*** SUPPLIED MATERIAL Section Begins ***
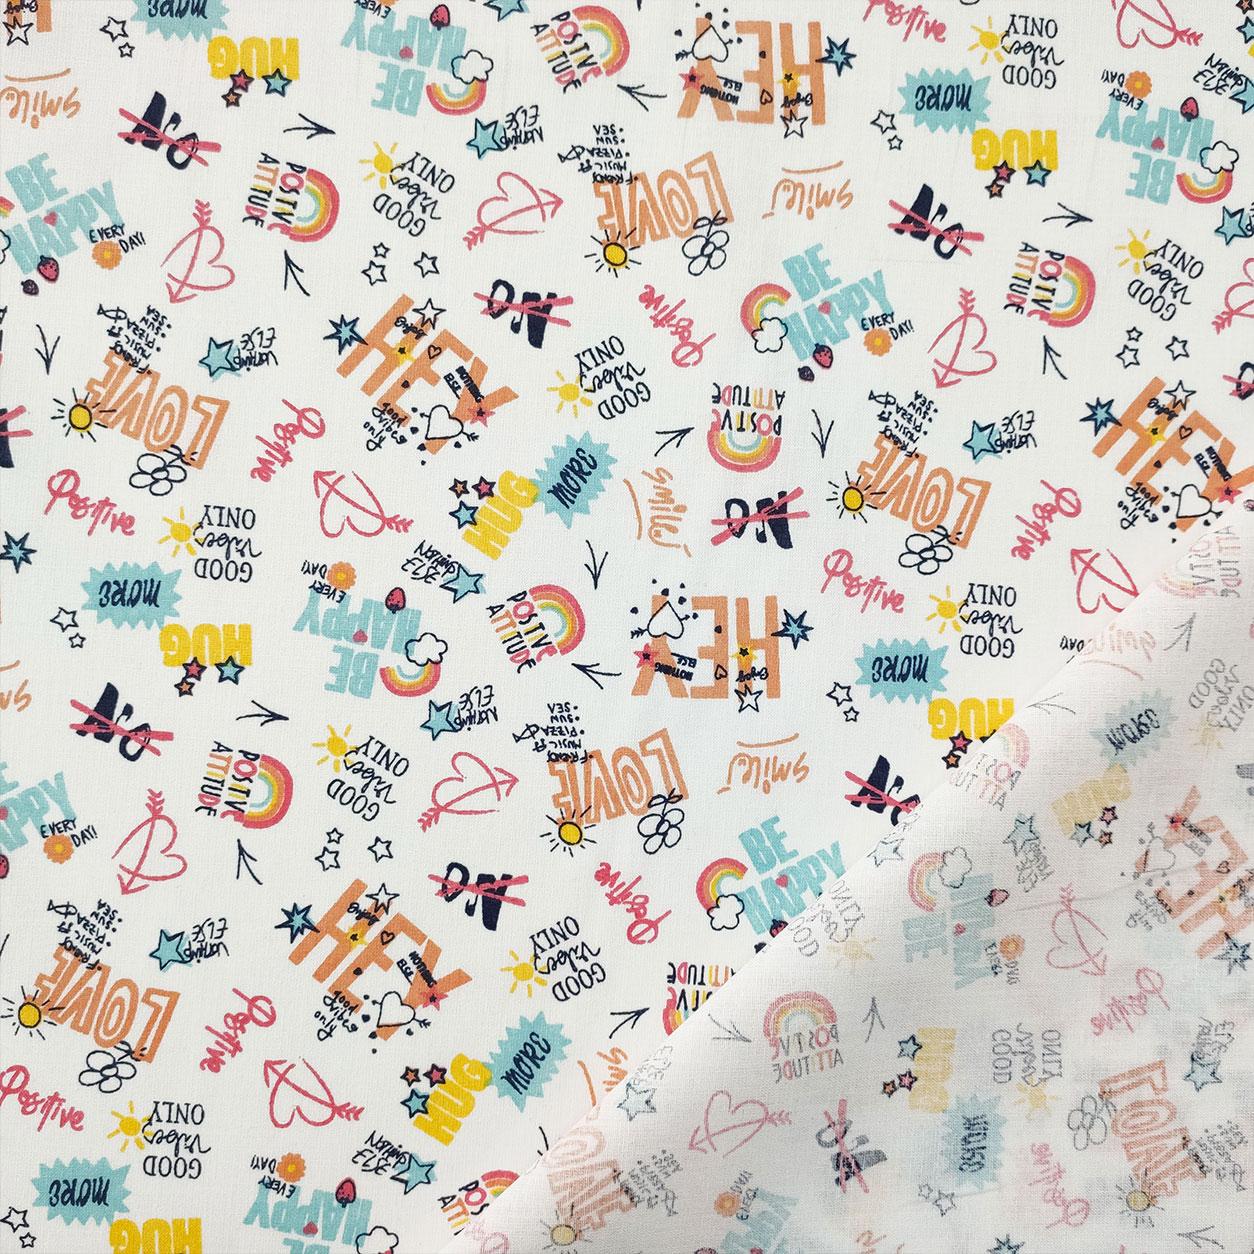 Tessuto di Cotone Scritte Colorate
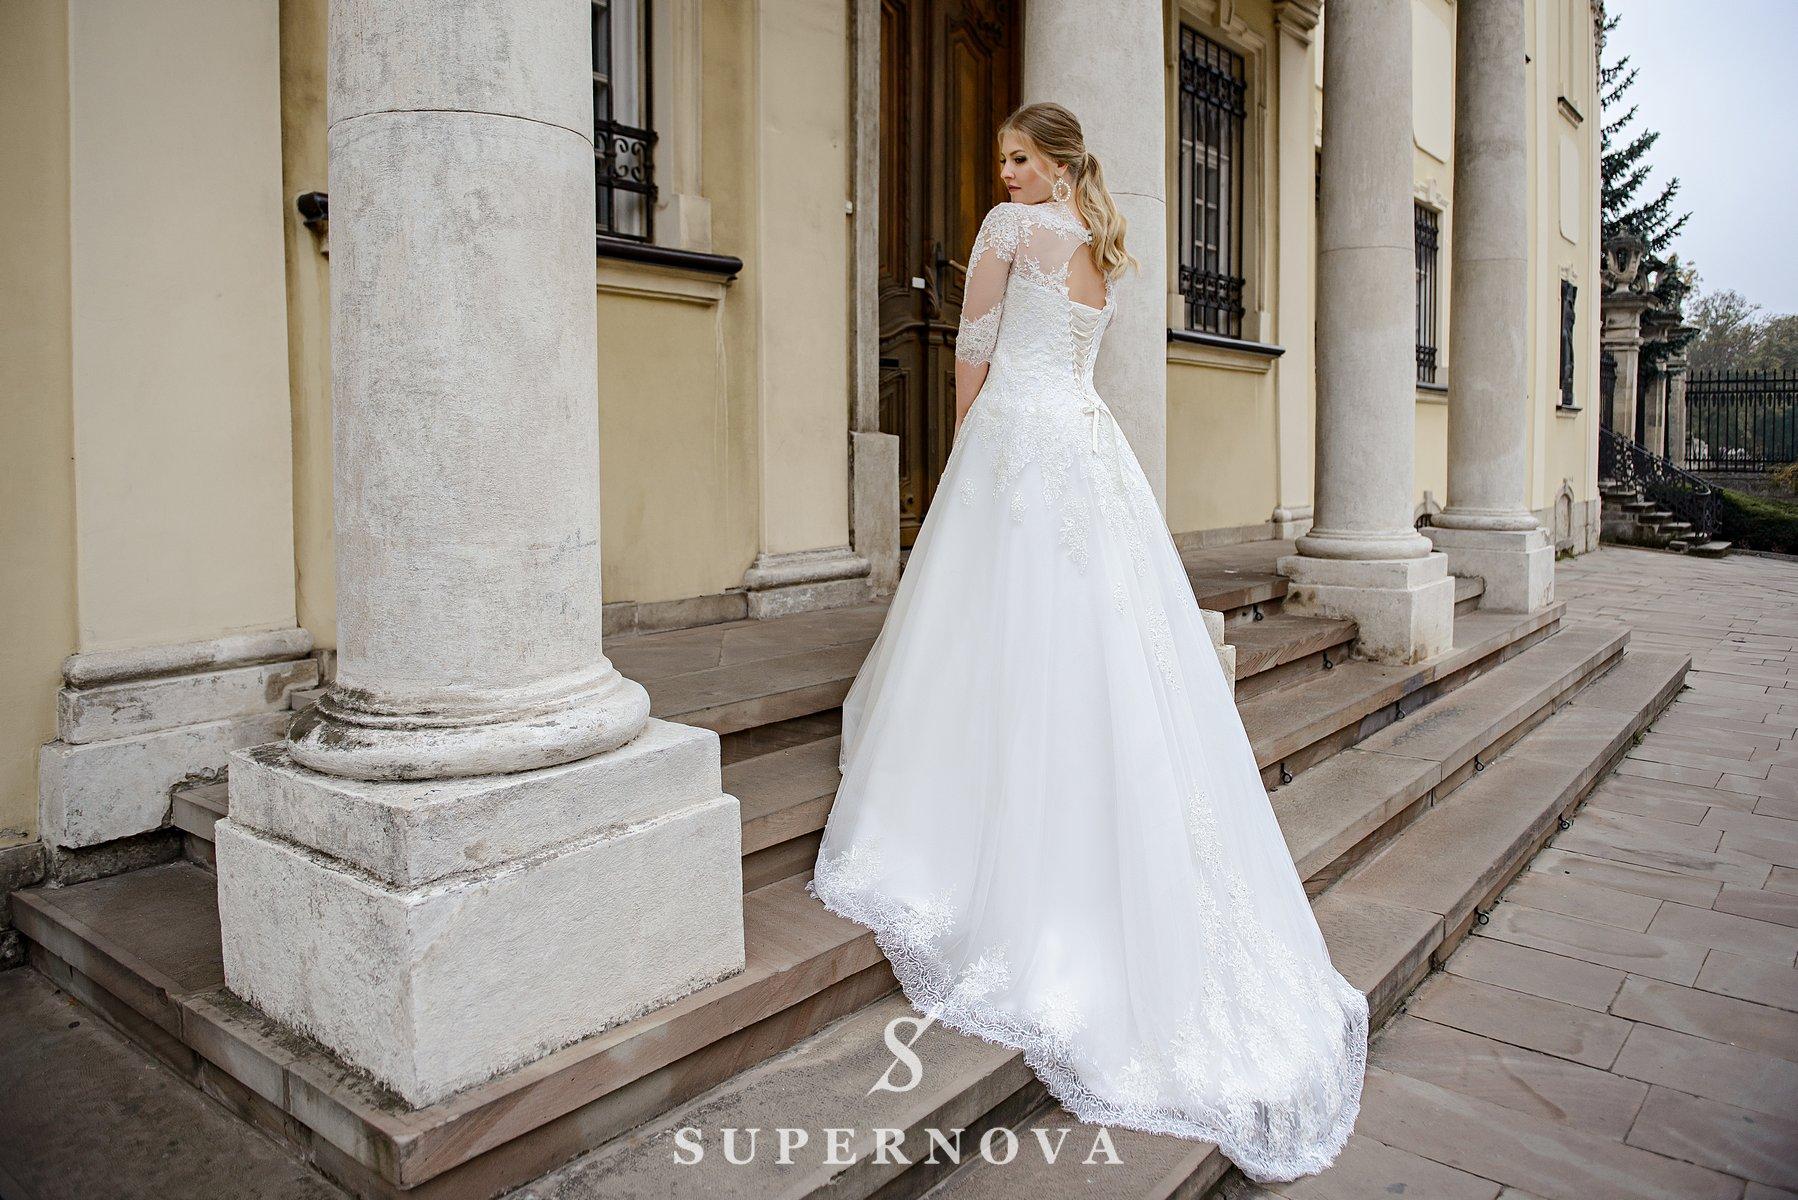 Свадебное платье с удлиненным корсетом больших размеров от производителя SuperNova-1
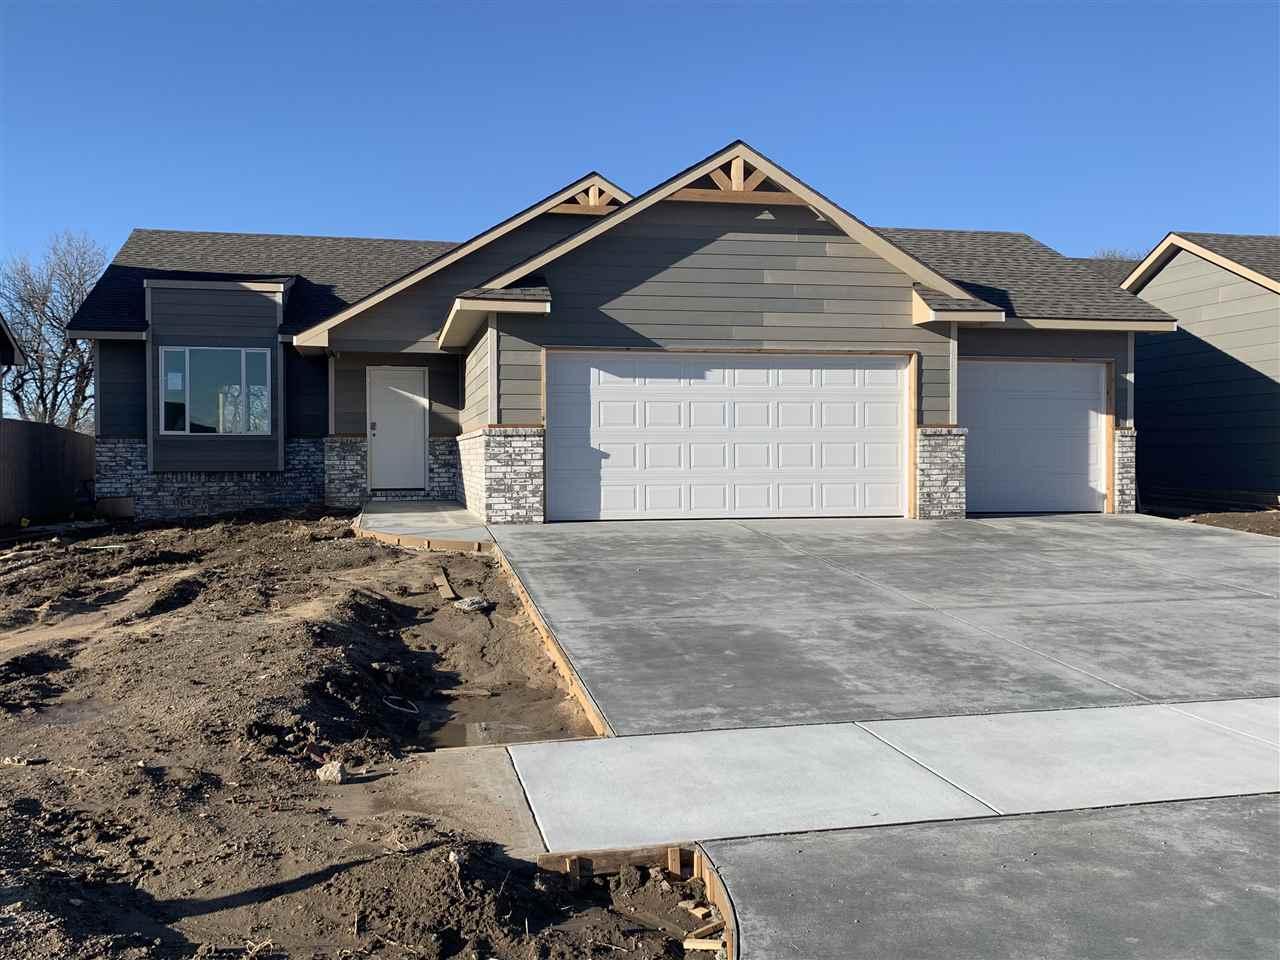 3102 W 43rd St S, Wichita, KS, 67217
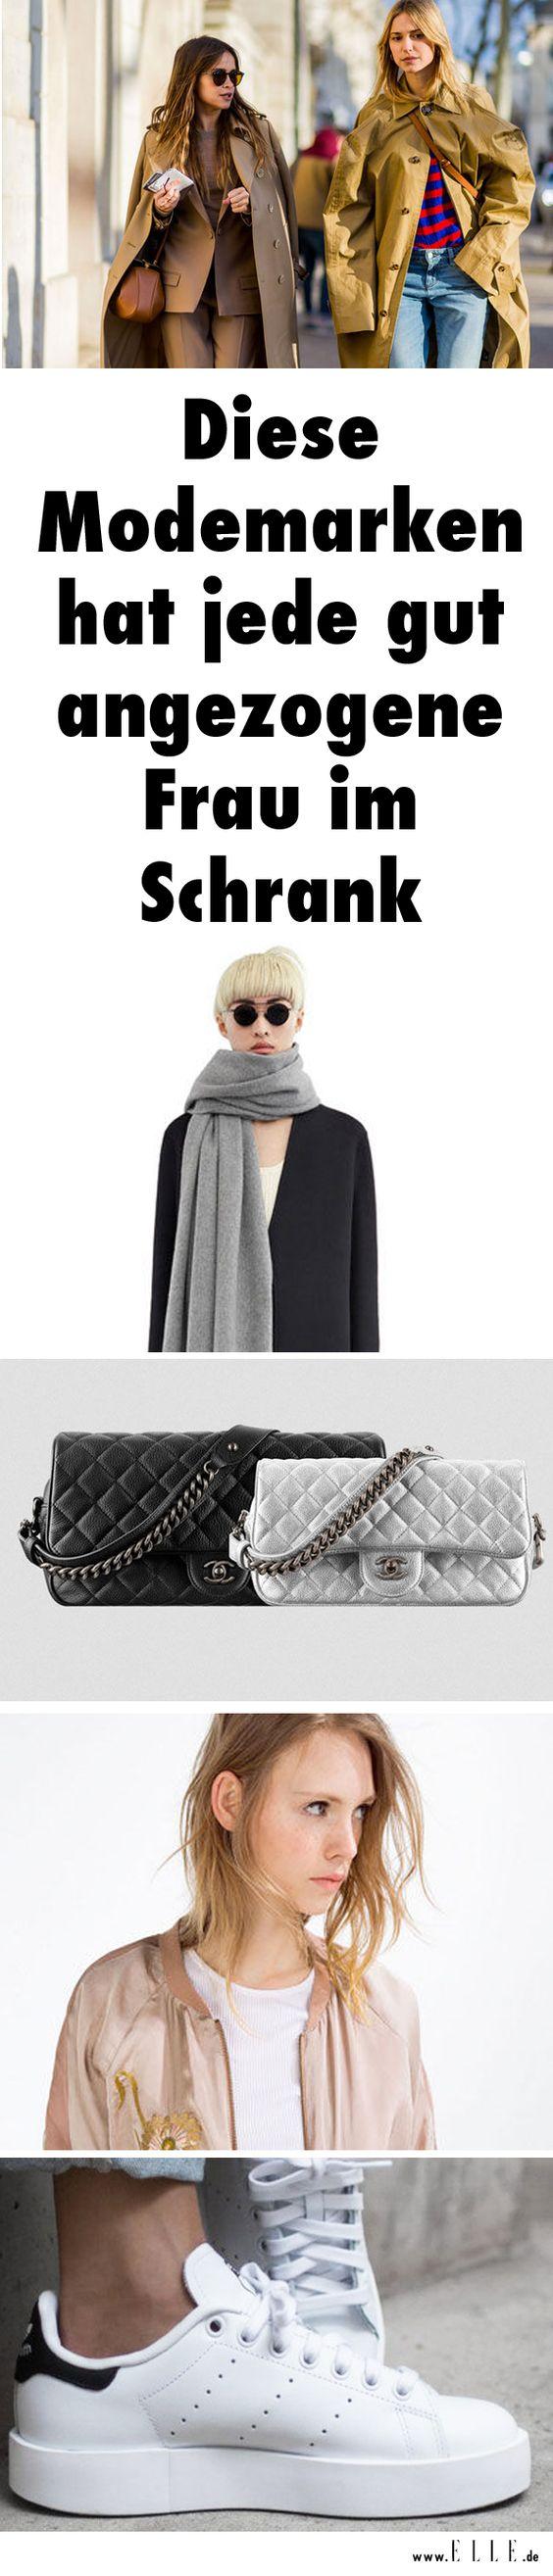 Die Mischung macht´s! Luxuriöse Klassiker von Designer kombiniert man am besten mit Trend-Teilen von Highstreet-Modeketten. Wir verraten dir, welche Labels im Kleiderschrank jeder Modefrau hängen…
*** SUPPLIED MATERIAL Section Ends ***
▶ **TASK TO CARRY OUT**
Your copy should match the material above exactly, minus its pictures.

▶ **WRITTEN SOLUTION**
 Tessuto di Cotone Scritte Colorate
 Свадебное платье с удлиненным корсетом больших размеров от производителя SuperNova-1
 3102 W 43rd St S, Wichita, KS, 67217
 Die Mischung macht´s! Luxuriöse Klassiker von Designer kombiniert man am besten mit Trend-Teilen von Highstreet-Modeketten. Wir verraten dir, welche Labels im Kleiderschrank jeder Modefrau hängen…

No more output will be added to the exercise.